In March of 1998 I made the acquaintance of the residents at the Wilmer Eye Institute emergency room. My internist, Dr. David G. Roberts III, who sent me there, insisted that Dr. Neil Miller be consulted. The diagnosis did not get fancier upon consultation: just garden variety optic neuritis. I was the beneficiary of the Wilmer IV steroid trial; a three-week taper and ten extra pounds later, I was left to cogitate on percentages, heredity, and all other useless topics.

The sonnet below was written in the winter 1998-99.  Upon re-reading, it sounds very precise to me in its description of my “life-style” then.

Barter

Must feed the greedy beast inside my head.
To gain a moment’s respite from its clawing,
I throw shredded verses at its mauling
maw; gnarled concepts substitute for bread.

In fleeting satiety it frolics –
an overeager adolescent bear.
My brain, a beachball at its skull-bound fair-
grounds, is hostage to its manic,

heedless joy. Again the beastie wails
with hunger pains – in a Gargantuan pail
I serve thick ethics stew with chewy morals.

Unwatched a spell, it falls into a swoon
sometimes and softly, sweetly moans
a lullaby to pale infant moon.

Ellen Orner
1998

In 2004, I was definitively diagnosed with multiple sclerosis by Dr. Richard T. Johnson of Johns Hopkins. That explained the years of splitting headaches. I consulted Dr. Jason Brandt of JHU Medical Psychology in 2005 for a neuropsychological examination. In 2007, in the course of a repeat session, Dr. Brandt very mildly suggested that I may have some version of bipolar disorder, a notion I accepted as hypothetical. I finally sought psychiatric help from Dr. William Regenold at the end of 2007, with felicitous results.

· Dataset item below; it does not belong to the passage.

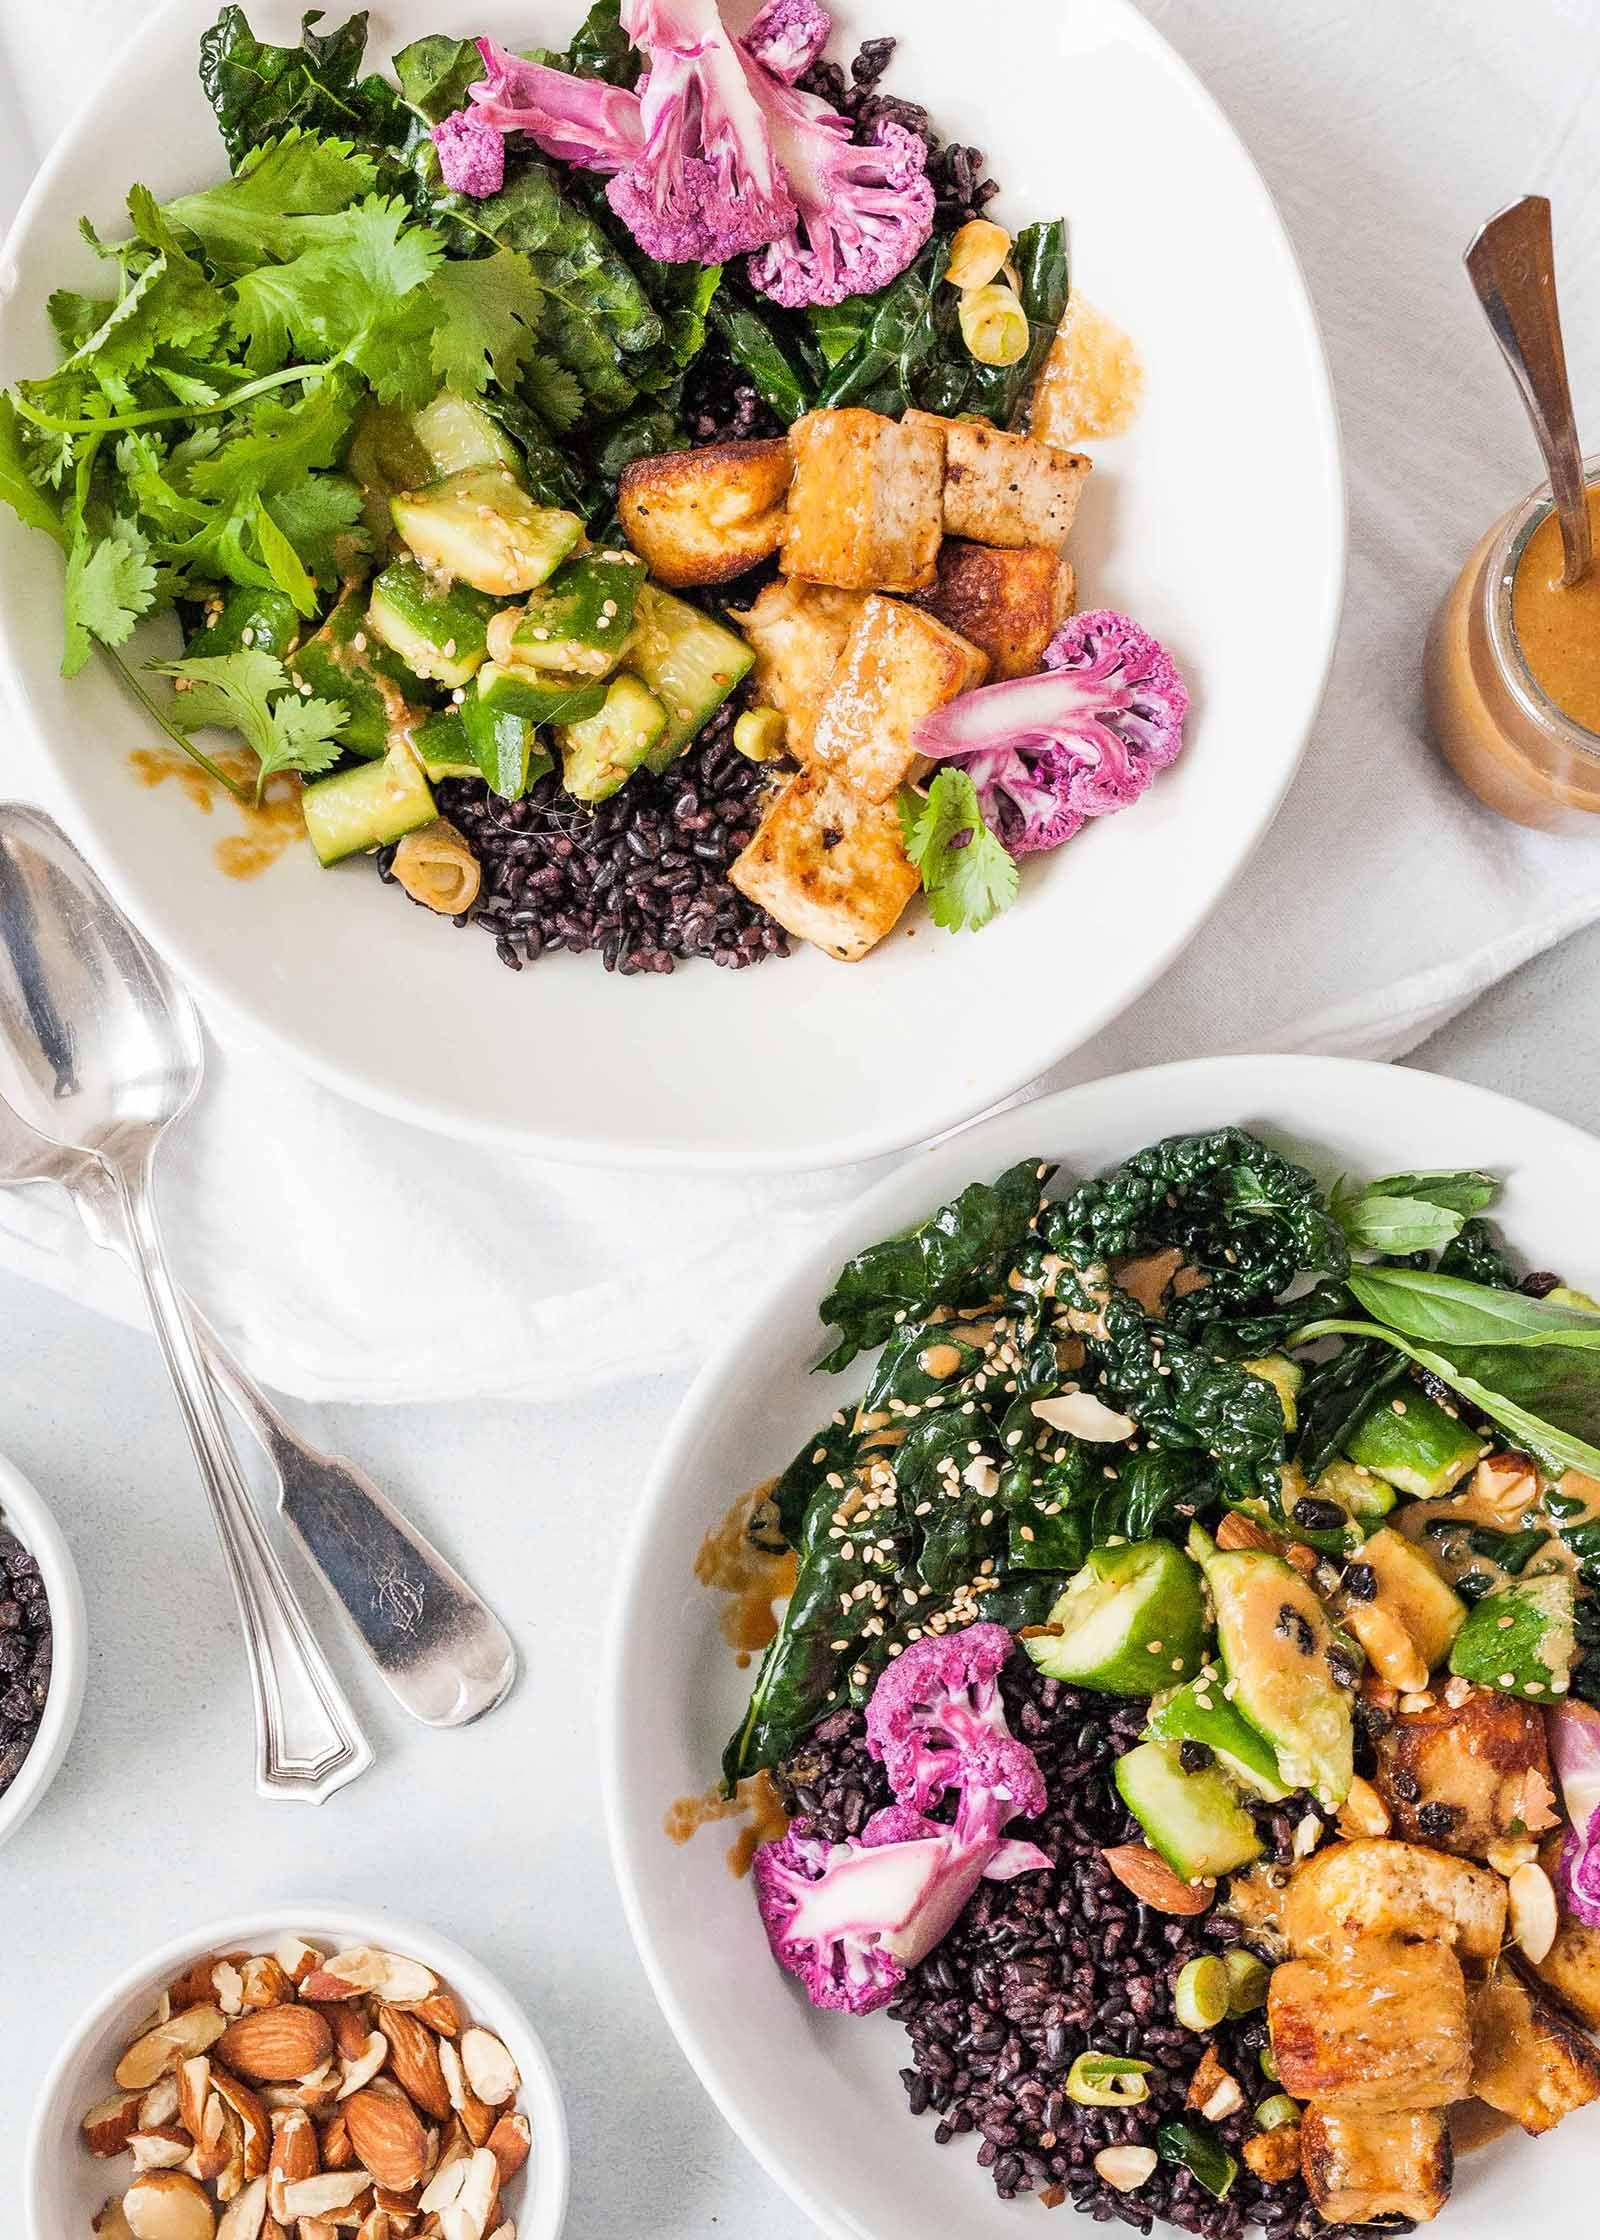 Black Rice Bowls With Tofu And Veggies Recipe Simplyrecipes Com Recipe Recipes Veggie Recipes Cooking Tofu
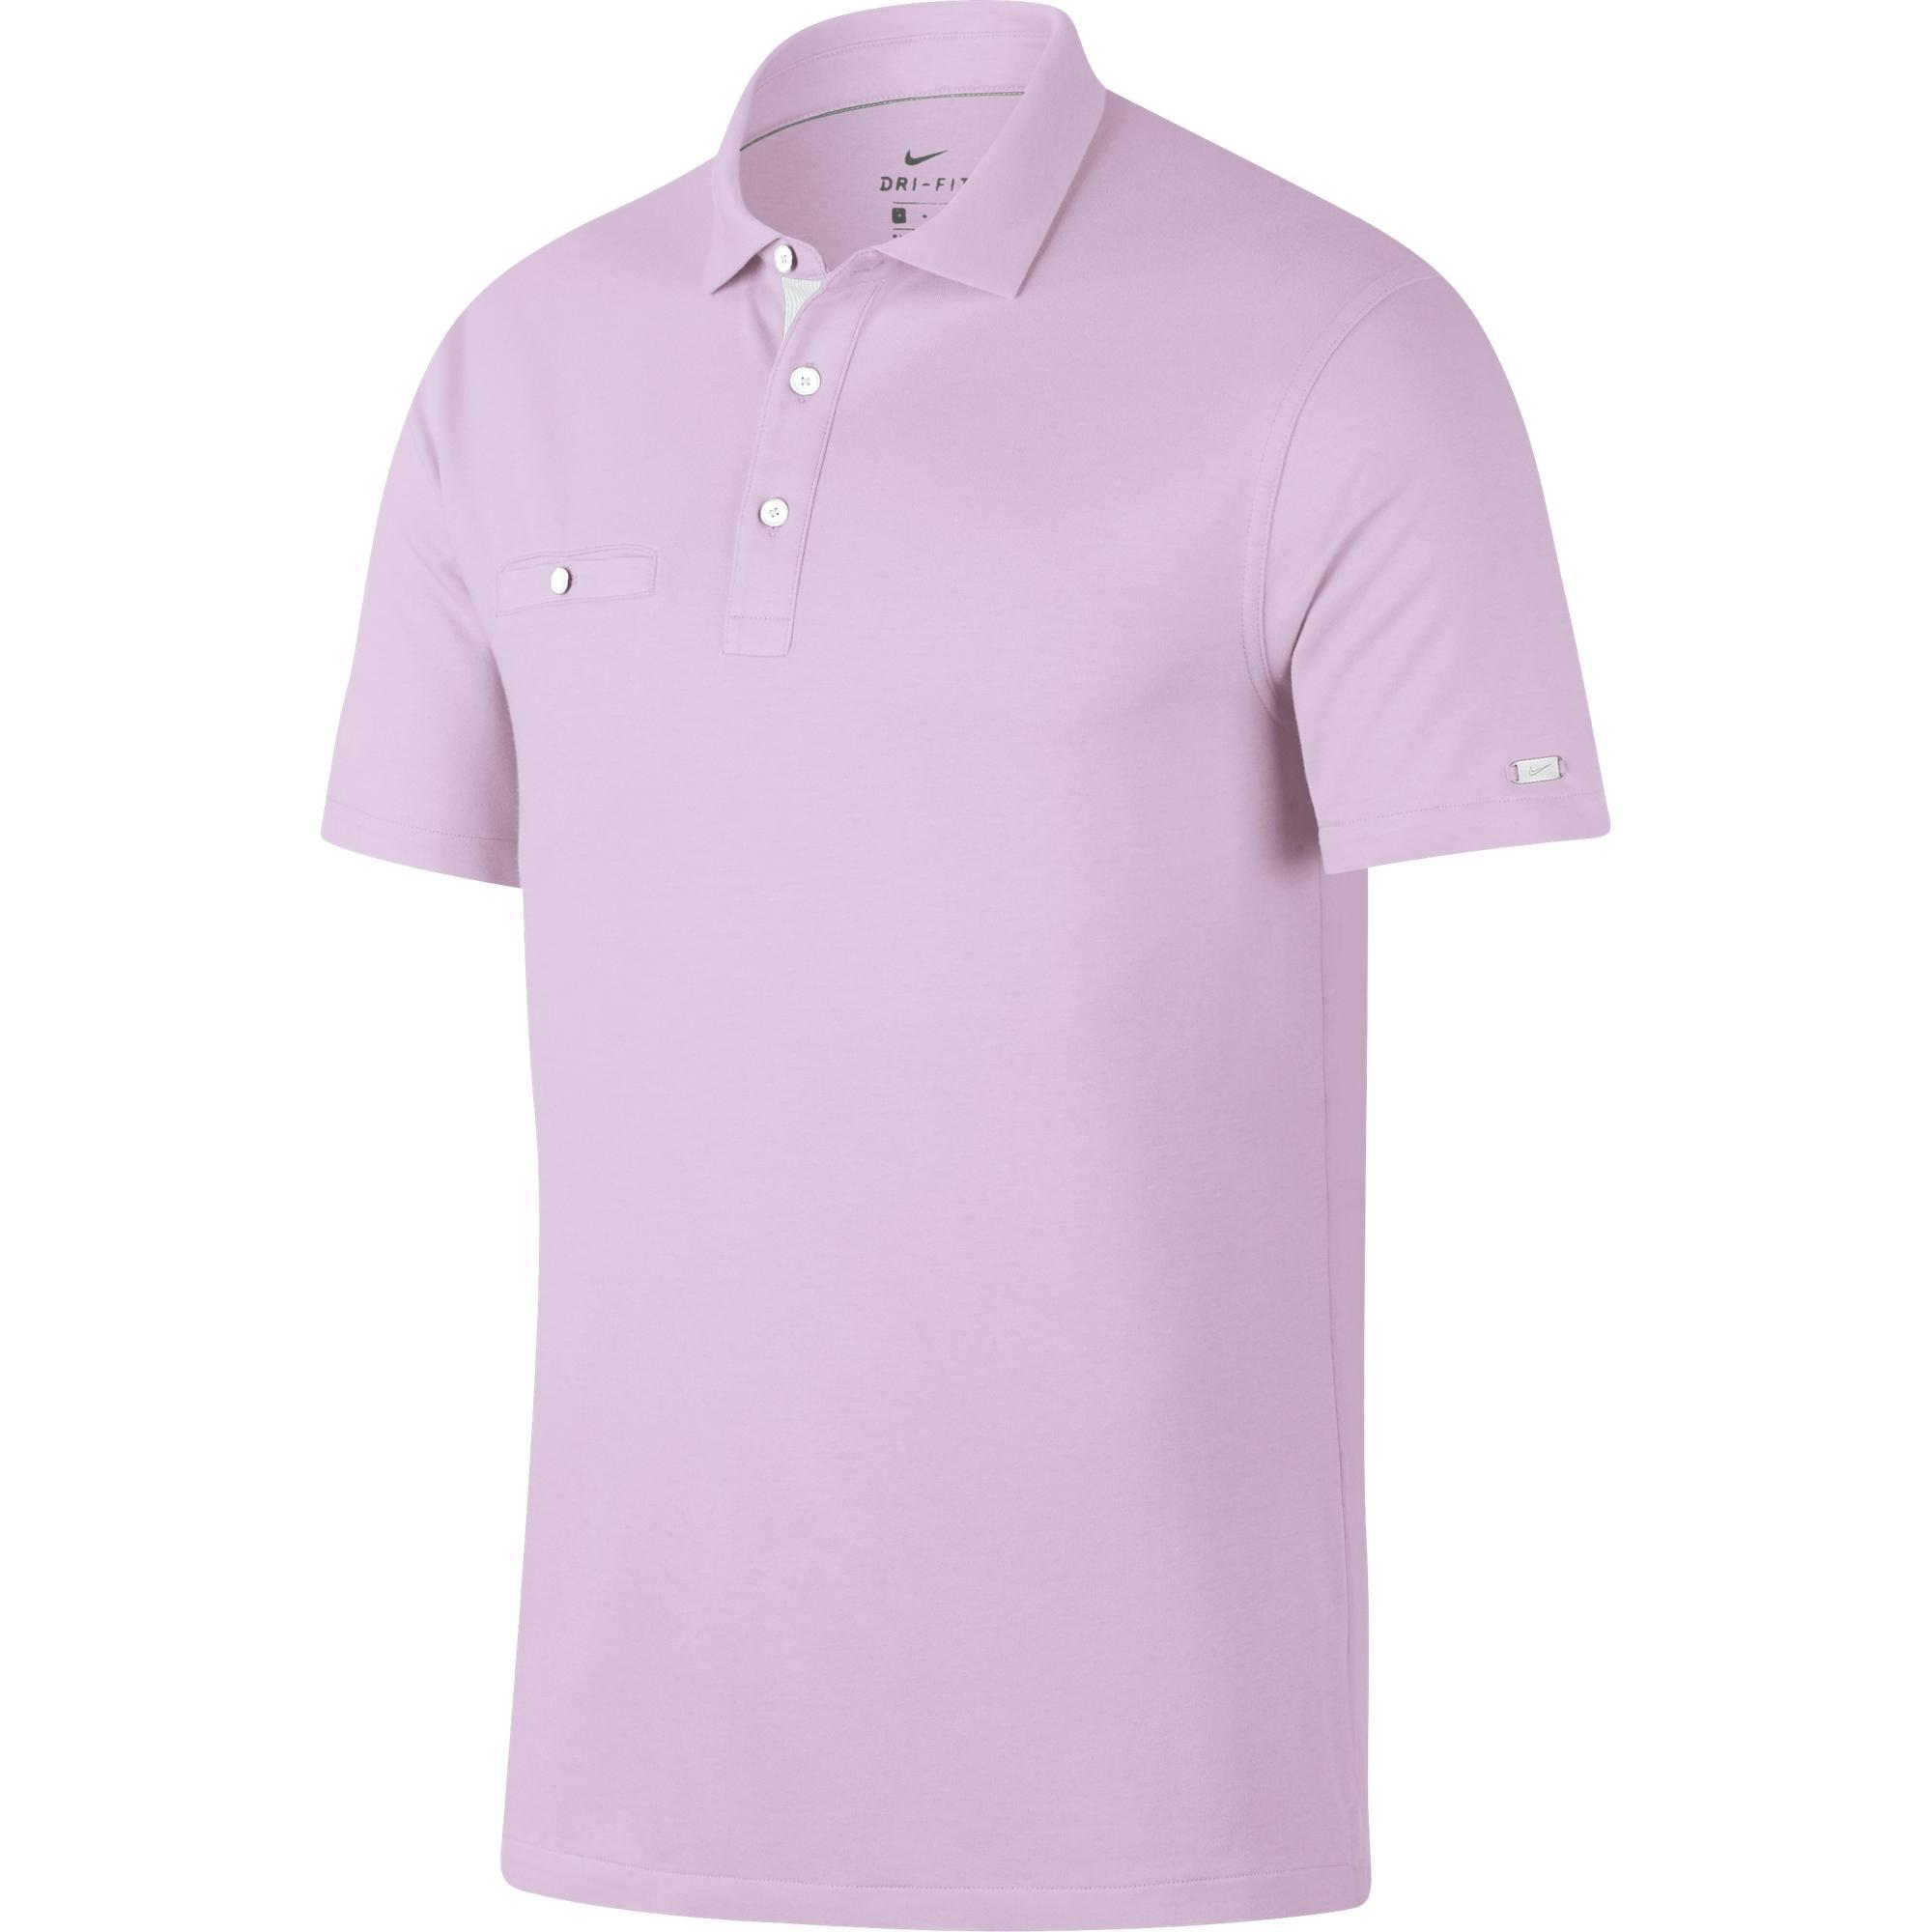 Men's Dri-FIT Player Solid Short Sleeve Shirt

It is very odd for me to be level-headed and calm now, but I enjoy it. Still, achieving the impossible, which implies attempting the absurd, may be my only option for the future, as it often was in the past. So I write, and Madeleine Mysko, an author and a very patient teacher from the Johns Hopkins Advanced Writing Seminars, reads my attempts. She is also a registered nurse who for several years kept vigil with her Hopkins colleague, the poet Anne Frydman, as multiple sclerosis took away Anne’s body, and finally her.

To Ivan Krylov*

After the turgid dread, a lucid lightness
of blessed disregard for woes of every
stripe – but do remember to express
appropriate concern at times.

***
The human lot to fear thrives
on empathy professed and felt
for terror of demise,
sorrow for the dead.

Yet fear is a flexible
commodity, unrivaled
as a yeast to raise
the dough of loss,
to give belligerent loft
to righteous self-defense
required for preemption.
A shared, communal
dread is triply precious.

Commodities all bestow
control upon
ones uncontrolled
by them.

Ellen Orner
June-July 2009


This poem was written in the daylight clarified by Zoloft and Provigil. I appreciate the newly-found intellectual detachment, disinhibition. Sadly, the beast of a decade ago rarely moans lullabies, but I now choose to accept the available barter.

*Ivan Krylov (c. 1769 – 1844) - was the Russian Aesop, a keen social commentator, my first poetic love, and a very clear-headed, humorously moral gentleman.